I fry mine in beef dripping. :hungry:
 
Slightly disappointed that so many people seem to be supermarket-mainly or supermarket-only. If you buy fresh food from them, you are paying more for worse (usually not as fresh or not as tasty). I thought cyclists were cleverer than that and a cycle makes it easier to visit more smaller shops (in normal times, at least!)

Not necessarily. If you buy off the counter rather than pre-packaged, the quality is as good.

Plus the added fact that now's not the time to go traipsing from one shop to another. If I can't get it in Tesco or by the roadside, I simply do without.

Besides, Ely doesn't have much in the way of independent food shops - there's only two butchers and one baker. No greengrocer or fishmonger or cheesemonger.
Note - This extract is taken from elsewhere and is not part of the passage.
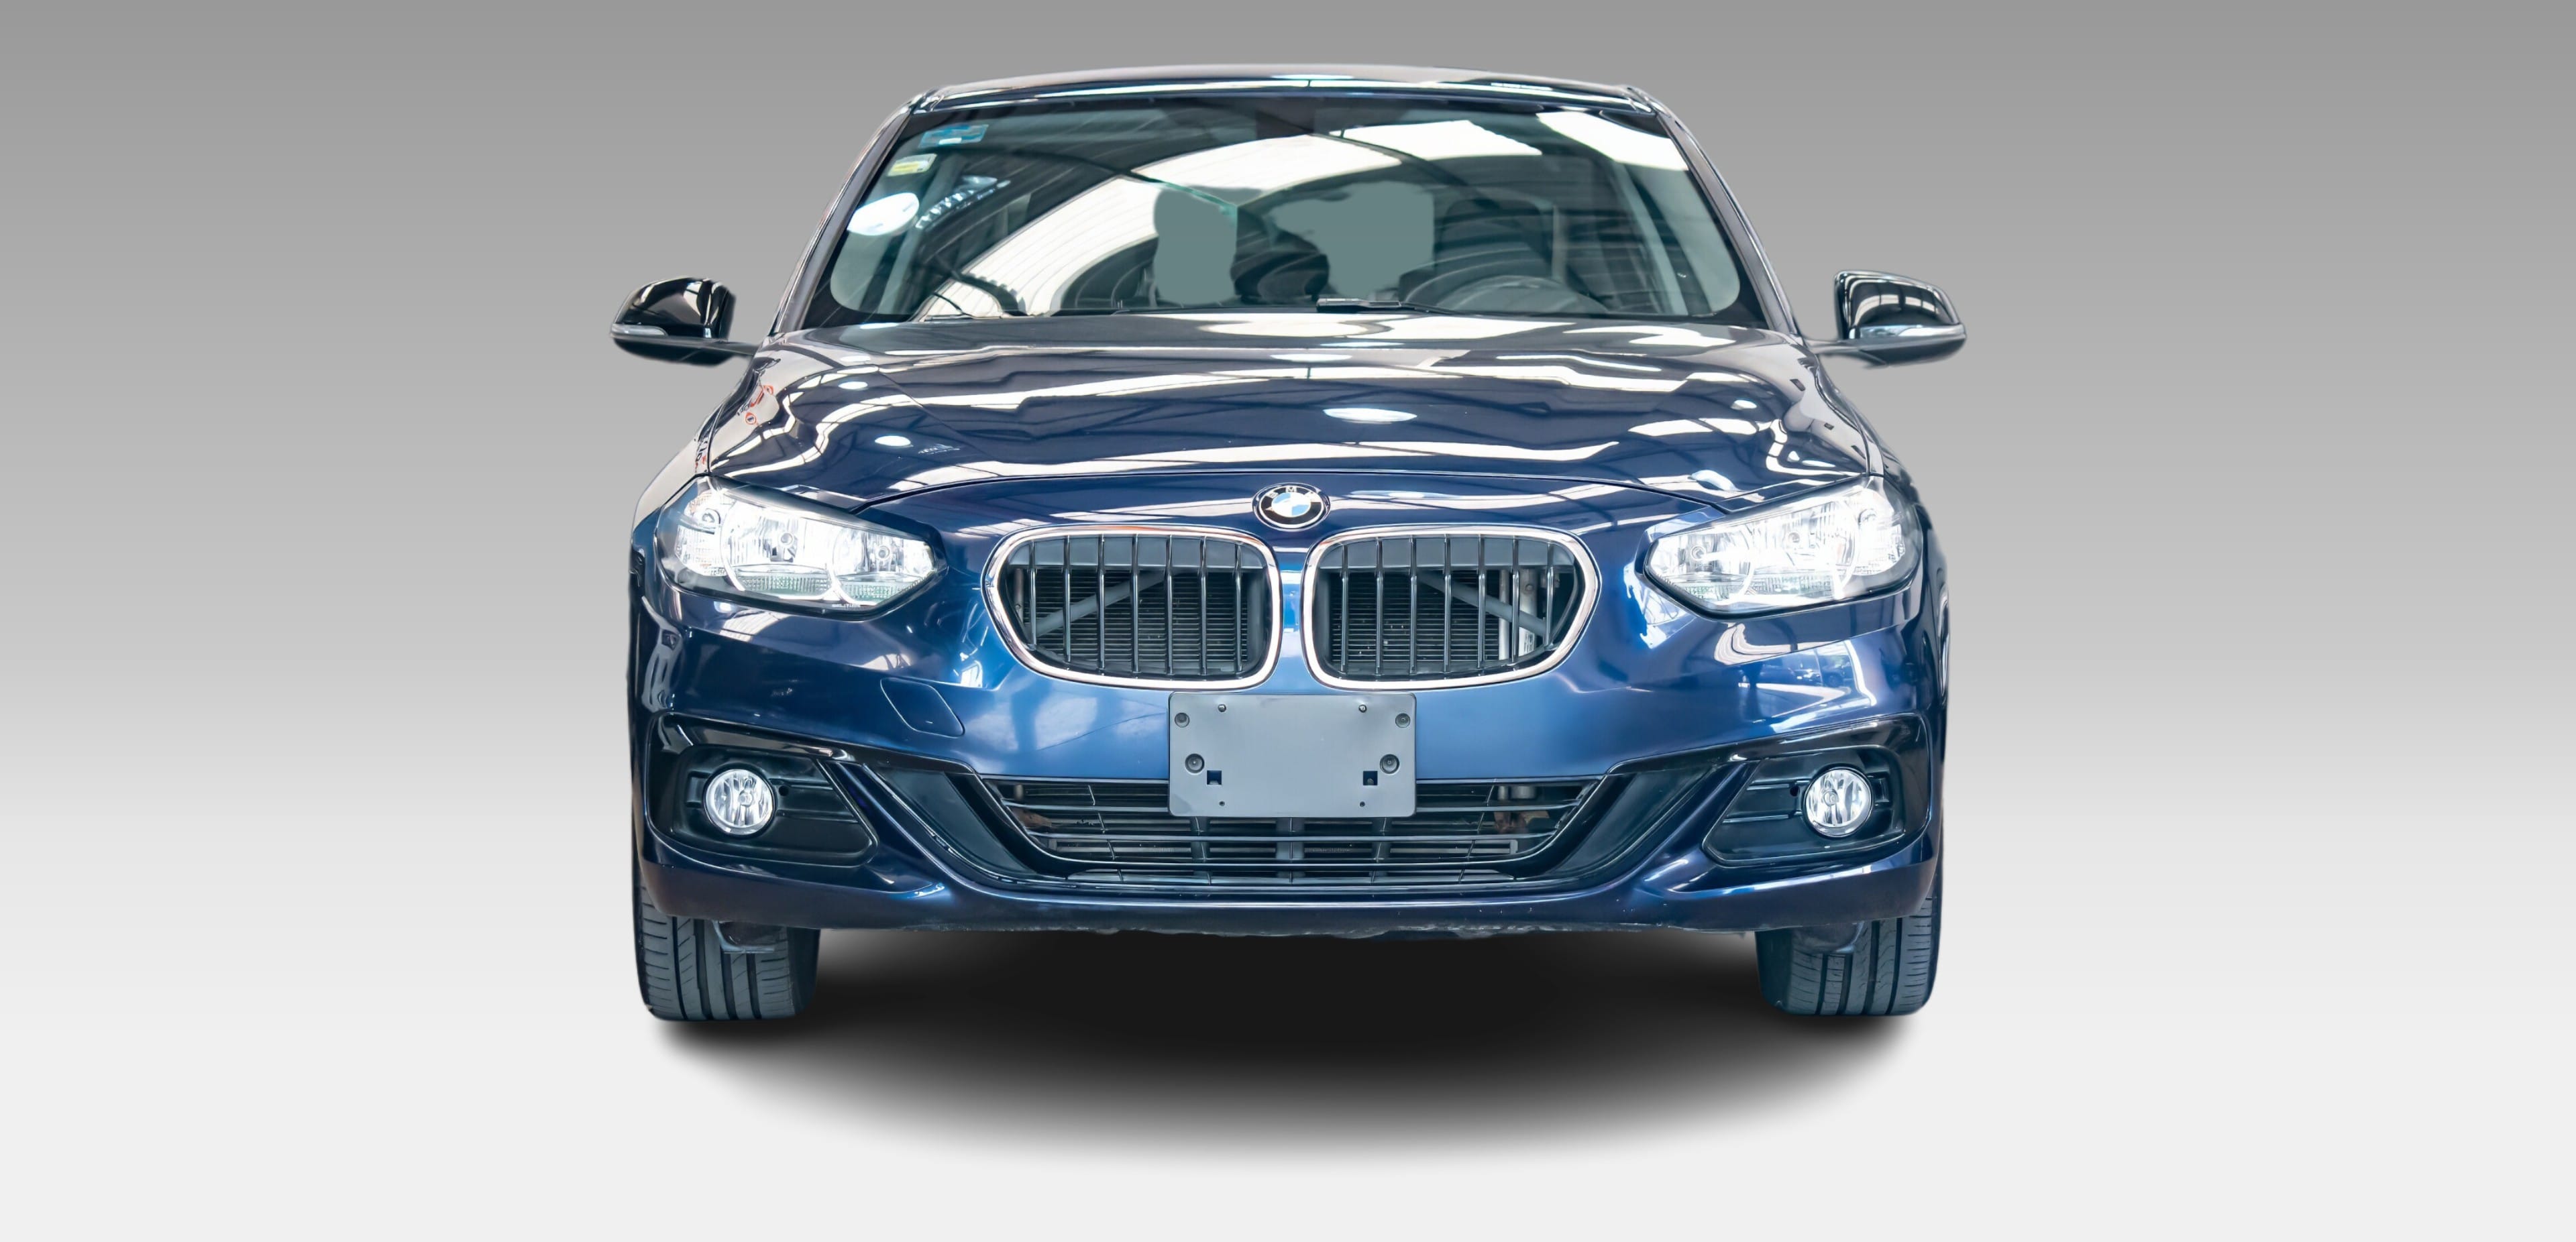 BMW Serie 1 Sedán 2019 llega a México desde $489,900 pesos

The High Street is full of charity shops and coffee shops and not a lot else. OK, there is the market, but it's been pretty poor of late, and I avoid going into town on a market day simply to avoid everyone else who is.
 

Kingfisher101

Über Member
£70-80 for food for 2 adults and 2 cats. £20.00 for household things, like toiletries, binbags, bird nuts/seeds etc. I only eat meals cooked from scratch and I wont eat frozen food.
 

mjr

Comfy armchair to one person & a plank to the next
Not necessarily. If you buy off the counter rather than pre-packaged, the quality is as good.
Counters here closed in lockdown 1 and I don't think they have reopened.

Plus the added fact that now's not the time to go traipsing from one shop to another. If I can't get it in Tesco or by the roadside, I simply do without.
I think queuing up outside for short visits to independent shops each with maximum capacity of 2-4 customers probably carries less avoidable risk than being in a hypermarket with a comically high capacity posted on the window which I guess must be calculated on the basis of floor space, most of which is occupied by departments with almost no-one in it while there are hordes in the quarter of the shop selling food.

Especially as you can click/call-and-collect prepacked goods at most of the hypermarkets.

Besides, Ely doesn't have much in the way of independent food shops - there's only two butchers and one baker. No greengrocer or fishmonger or cheesemonger. The High Street is full of charity shops and coffee shops and not a lot else. OK, there is the market, but it's been pretty poor of late, and I avoid going into town on a market day simply to avoid everyone else who is.
Yeah, Ely is a city but it's more like a small town. Market days here have been pretty quiet: Downham Market has fewer stalls (or more on the Town Square instead of the Market Square? I'm not sure) to space them out more and almost everyone is wearing masks (partly because the town council seems to be giving them to anyone without one); whereas Lynn's Tuesday Market appears to have collapsed entirely.

There's always Cambridge market, but I can understand if you don't want to travel into that wretched hive of scum and villainy right now. Are the farm shops around Ely open? Norfolk's seem to be, but of course I have only visited a few because they are indoors and sell much the same as the outdoor market.
 

Gunk

Guru
Location
Oxford
I only eat meals cooked from scratch and I wont eat frozen food

so no ice cream or Arctic Roll
 
Maybe but living alone, frankly I can't be bothered to cook from scratch every day and the cost of buying prepared food doesn't trouble me.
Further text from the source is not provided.